Value 6000.0 in index row 3 for column df['pixelLimit'] is incorrect because this value is from df['maxPixel'] index row 7 which has a df['date'] datetime of 2019-08-09 16:00:00 which is greater than the 2019-08-06 22:00:00 df['date'] datetime contained in index row .
Correct output:
date type colour maxPixel minPixel colourDate pixelLimit
0 2019-08-06 09:00:00 0.0 blue 255 86 2019-08-06 12:00:00 NaN
1 2019-08-06 12:00:00 1.0 red 7346 96 2019-08-08 16:00:00 14.0
2 2019-08-06 18:00:00 NaN NaN 32 14 2019-08-06 23:00:00 NaN
3 2019-08-06 21:00:00 1.0 blue 5184 3540 2019-08-06 22:00:00 5184.0
4 2019-08-07 09:00:00 NaN NaN 600 528 2019-08-08 09:00:00 NaN
5 2019-08-07 16:00:00 NaN NaN 322 300 2019-08-09 16:00:00 NaN
6 2019-08-08 17:00:00 0.0 blue 72 12 2019-08-08 23:00:00 NaN
7 2019-08-09 16:00:00 0.0 red 6000 4009 2019-08-11 16:00:00 NaN
Explanation why output is correct:
Value 14.0 in index row 1 for column df['pixelLimit'] is correct because we are looking for the minimum value in column df['minPixel'] which has a datetime in column df['date'] less than the datetime in index row 1 for column df['colourDate'] and greater or equal to the datetime in index row 1 for column df['date']
Value 5184.0 in index row 3 for column df['pixelLimit'] is correct because we are looking for the maximum value in column df['maxPixel'] which has a datetime in column df['date'] less than the datetime in index row 3 for column df['colourDate'] and greater or equal to the datetime in index row 3 for column df['date']
Considerations:
Maybe np.select is not best suited for this task and some sort of function might serve the task better?
Also, maybe I need to create some sort of dynamic len to use as a starting point for each row?
Request
Please can anyone out there help me amend my code to achieve the correct output
For matching problems like this one possibility is to do the complete merge, then subset, using a Boolean Series, to all rows that satisfy your condition (for that row) and find the max or min among all the possible matches.
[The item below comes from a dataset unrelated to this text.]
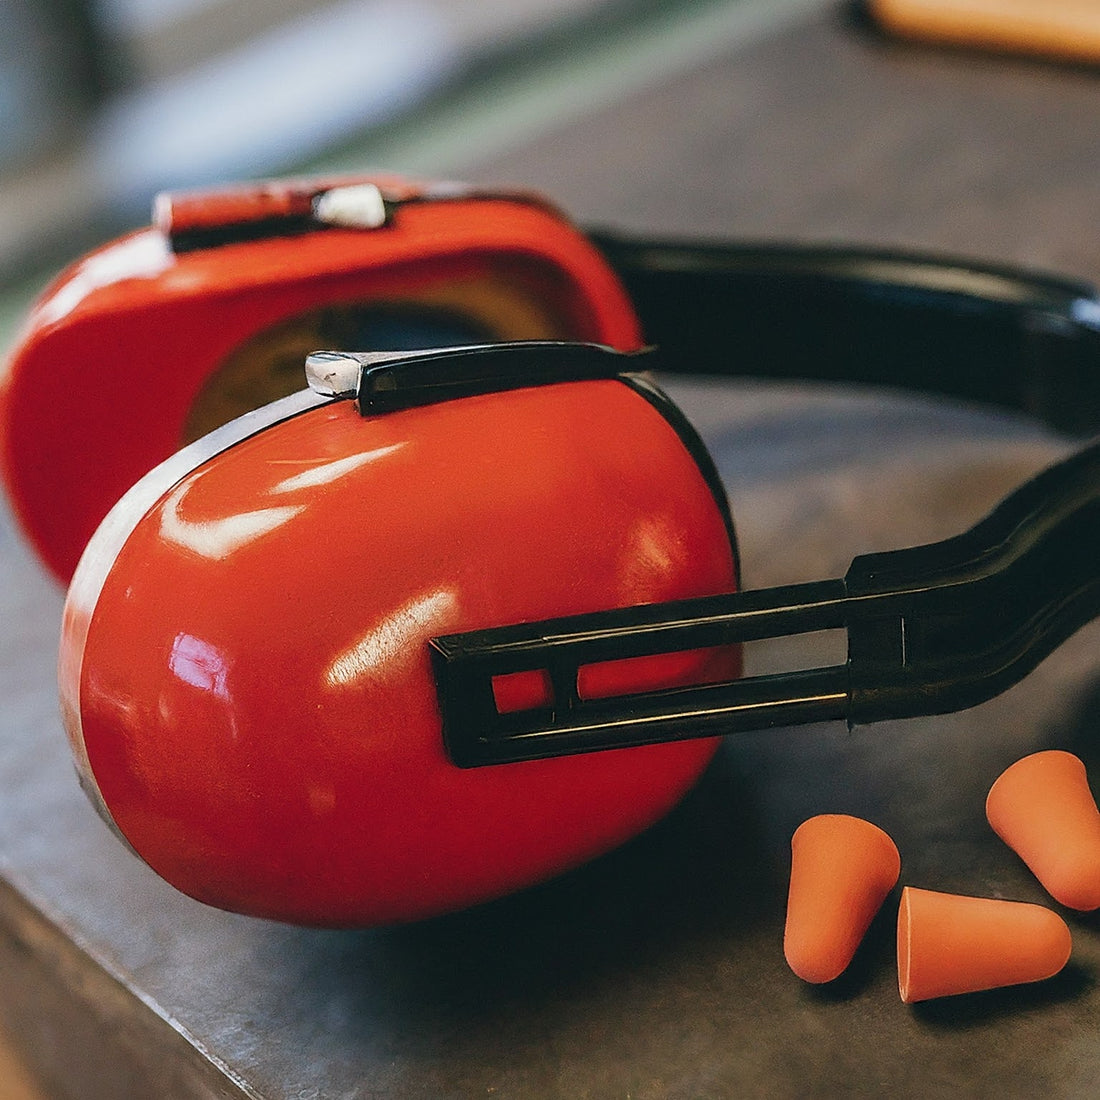 The Sound of Silence: Why Ear Muffs and Ear Plugs are Essential for Protecting Your Hearing

Since this requires slightly different columns and different functions I split the operations into 2 very similar pieces of code, one to deal with 1/blue and the other for 1/red.
First some housekeeping, make things datetime
import pandas as pd
df['date'] = pd.to_datetime(df['date'])
df['colourDate'] = pd.to_datetime(df['colourDate'])
Calculate the min pixel for 1/red between the times for each row
# Subset of rows we need to do this for
dfmin = df[df.type.eq(1) & df.colour.eq('red')].reset_index()
# To each row merge all rows from the original DataFrame
dfmin = dfmin.merge(df[['date', 'minPixel']], how='cross')
# If pd.version < 1.2 instead use:
#dfmin = dfmin.assign(t=1).merge(df[['date', 'minPixel']].assign(t=1), on='t')
# Only keep rows between the dates, then among those find the min minPixel
smin = (dfmin[dfmin.date_y.between(dfmin.date_x, dfmin.colourDate)]
.groupby('index')['minPixel_y'].min()
.rename('pixel_limit'))
#index
#1 14
#Name: pixel_limit, dtype: int64
# Max is basically a mirror
dfmax = df[df.type.eq(1) & df.colour.eq('blue')].reset_index()
dfmax = dfmax.merge(df[['date', 'maxPixel']], how='cross')
#dfmax = dfmax.assign(t=1).merge(df[['date', 'maxPixel']].assign(t=1), on='t')
smax = (dfmax[dfmax.date_y.between(dfmax.date_x, dfmax.colourDate)]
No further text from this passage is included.